InitializeComponent()
End Sub

#End Region
<DllImport("advapi32.dll")> _
Public Shared Function LogonUser(ByVal lpszUsername As String, ByVal lpszDomain As String, ByVal lpszPassword As String, _
ByVal dwLogonType As Integer, ByVal dwLogonProvider As Integer, ByRef phToken As Integer) As Integer
End Function
Private Sub LoginBtn_Click(ByVal sender As Object, ByVal e As ImageClickEventArgs) Handles SigninBtn.Click

'New Authentication against Active Directory
'The Windows NT user token.
Dim intUserToken As Integer

'Get the user token for the specified user, machine, and password using the unmanaged LogonUser method.

'The parameters for LogonUser are the user name, computer name, password,
'Logon type (LOGON32_LOGON_NETWORK_CLEARTEXT), Logon provider (LOGON32_PROVIDER_DEFAULT),
'and user token.
Dim loggedOn As Integer = LogonUser(email.Text, "Your Domain Here", password.Text, 3, 0, intUserToken)

If loggedOn = 1 Then
FormsAuthentication.SetAuthCookie(email.Text, RememberCheckbox.Checked)
Response.Redirect(Request.ApplicationPath)
Else

Message.Text = "<" & "br" & ">Login Failed!" & "<" & "br" & ">"

End If

End Sub

End Class

End Namespace
**********************End of Code****************************

Enjoy,
Chris

I was able to use your example code (http://www.ibuyspy.com/Forums/ShowPost.aspx?tabindex=1&PostID=151708) in my Intranet portal, which allows users to authenticate to the Active Directory logging in via Forms authentication. However, my only problem now is that I can not access the Admin tab...
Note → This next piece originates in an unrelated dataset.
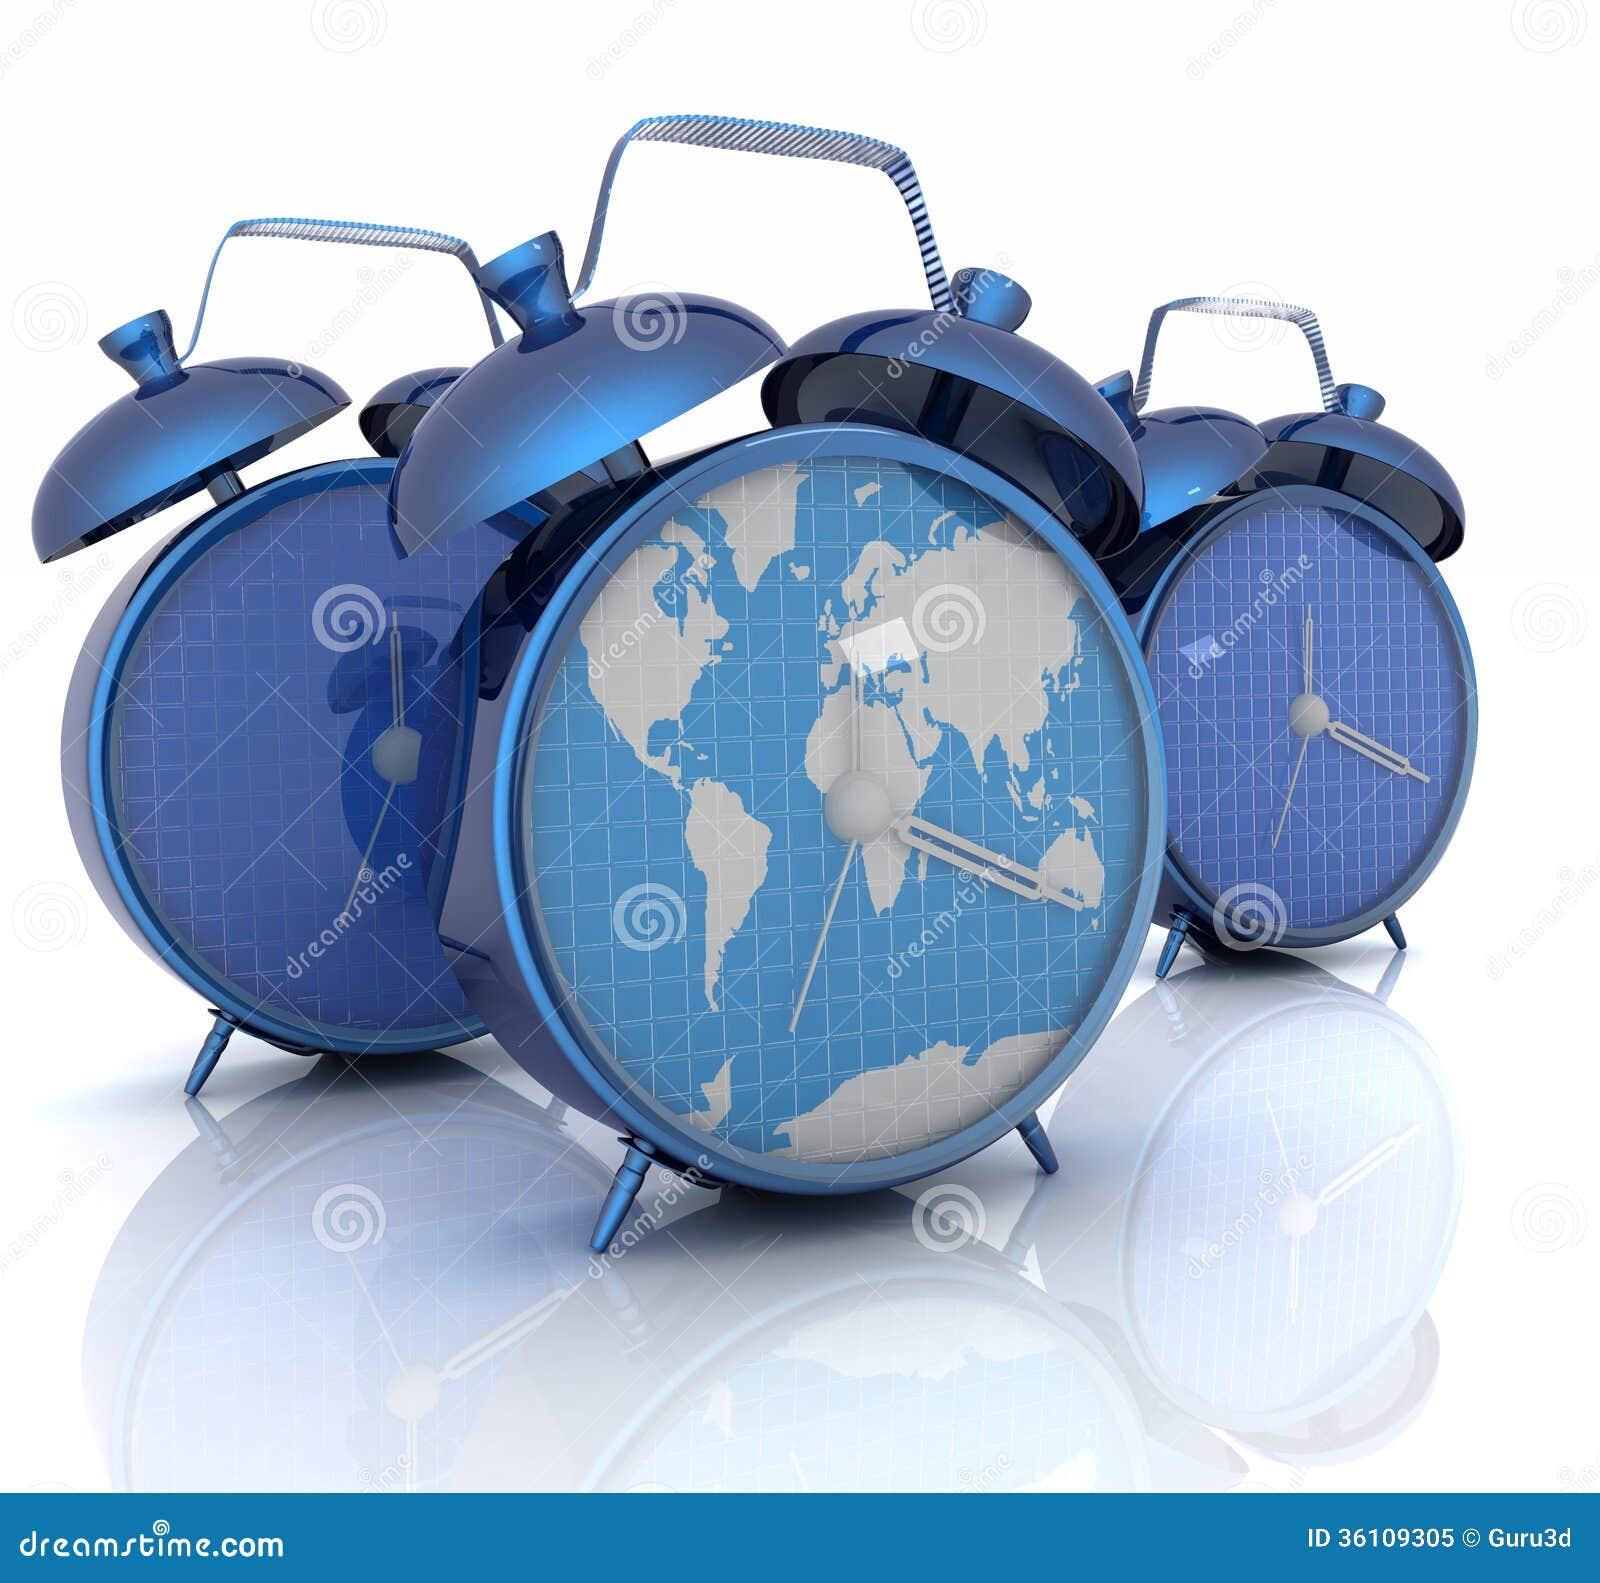 Alarm clock of world map and alarm clocks stock illustration alarm clock of world map and alarm clocks gumiabroncs Choice Image

You had said that you were also working on getting the portal to use all of the groups from AD as well for security. Did you ever accomplish this? I can't seem to find the solution for this anywhere. I have established a security group for my portal administrators called PortalAdmin and have added members to this group. I realize somewhere I want to query the Domain\PortalAdmin but I can't figure out where to do this so that it works properly.

HELP PLEASE!!!

Thanks!
~Jill
:)

Jill,

I hope this helps in C#:

FileName: Authentication.cs

using System;
using System.Collections;
using System.Configuration;
using System.Data;
using System.Data.SqlClient;
using System.DirectoryServices;
using System.Web;
using System.Security.Cryptography;
using System.Text;
using System.Text.RegularExpressions;
using System.Security.Principal;
using System.Web.Security;
using Microsoft.ApplicationBlocks.ExceptionManagement;

public static bool AdAuthenticate(string username, string password,string path)
{
bool isAuthenticated = false;


DirectoryEntry userEntry = new DirectoryEntry(path,username,password);

try
{
DirectorySearcher dirSearcher = new DirectorySearcher(userEntry);

dirSearcher.Filter = "(SAMAccount=" + username + ")";
dirSearcher.PropertiesToLoad.Add("cn");
SearchResult searchResult = dirSearcher.FindOne();

isAuthenticated = true;

}
catch (Exception ex)
{
isAuthenticated = false;

// ignore logon failures do to incorrect password
// publish all other errors to the event log
if (ex.Message.Trim() != "Logon failure: unknown user name or bad password")
{

ExceptionManager.Publish(ex);
}
}

return isAuthenticated;
}


Now change the Signin.aspx.cs
Filename: Signin.aspx.cs

Change the LoginBtn_Click method:

....

private void LoginBtn_Click(Object sender, ImageClickEventArgs e) {

// Attempt to Validate User Credentials using UsersDB
UsersDB accountSystem = new UsersDB();
// Adding Active Directory Connectivity
string userId = "";

if (email.Text.ToLower() == "guest" || email.Text.ToLower() == "admin")
{
userId = accountSystem.Login(email.Text, password.Text);
}
else
{
userId = accountSystem.Login(email.Text,password.Text,true);
}

if ((userId != null) && (userId != "")) {

// Use security system to set the UserID within a client-side Cookie
FormsAuthentication.SetAuthCookie(email.Text, RememberCheckbox.Checked);

// Redirect browser back to originating page
Response.Redirect(Request.ApplicationPath);
}
else {
Message.Text = "<" + "br" + ">Login Failed!" + "<" + "br" + ">";
}
}

Note: I allow the guest and admin account to authenticate through the standard portal forms authentication.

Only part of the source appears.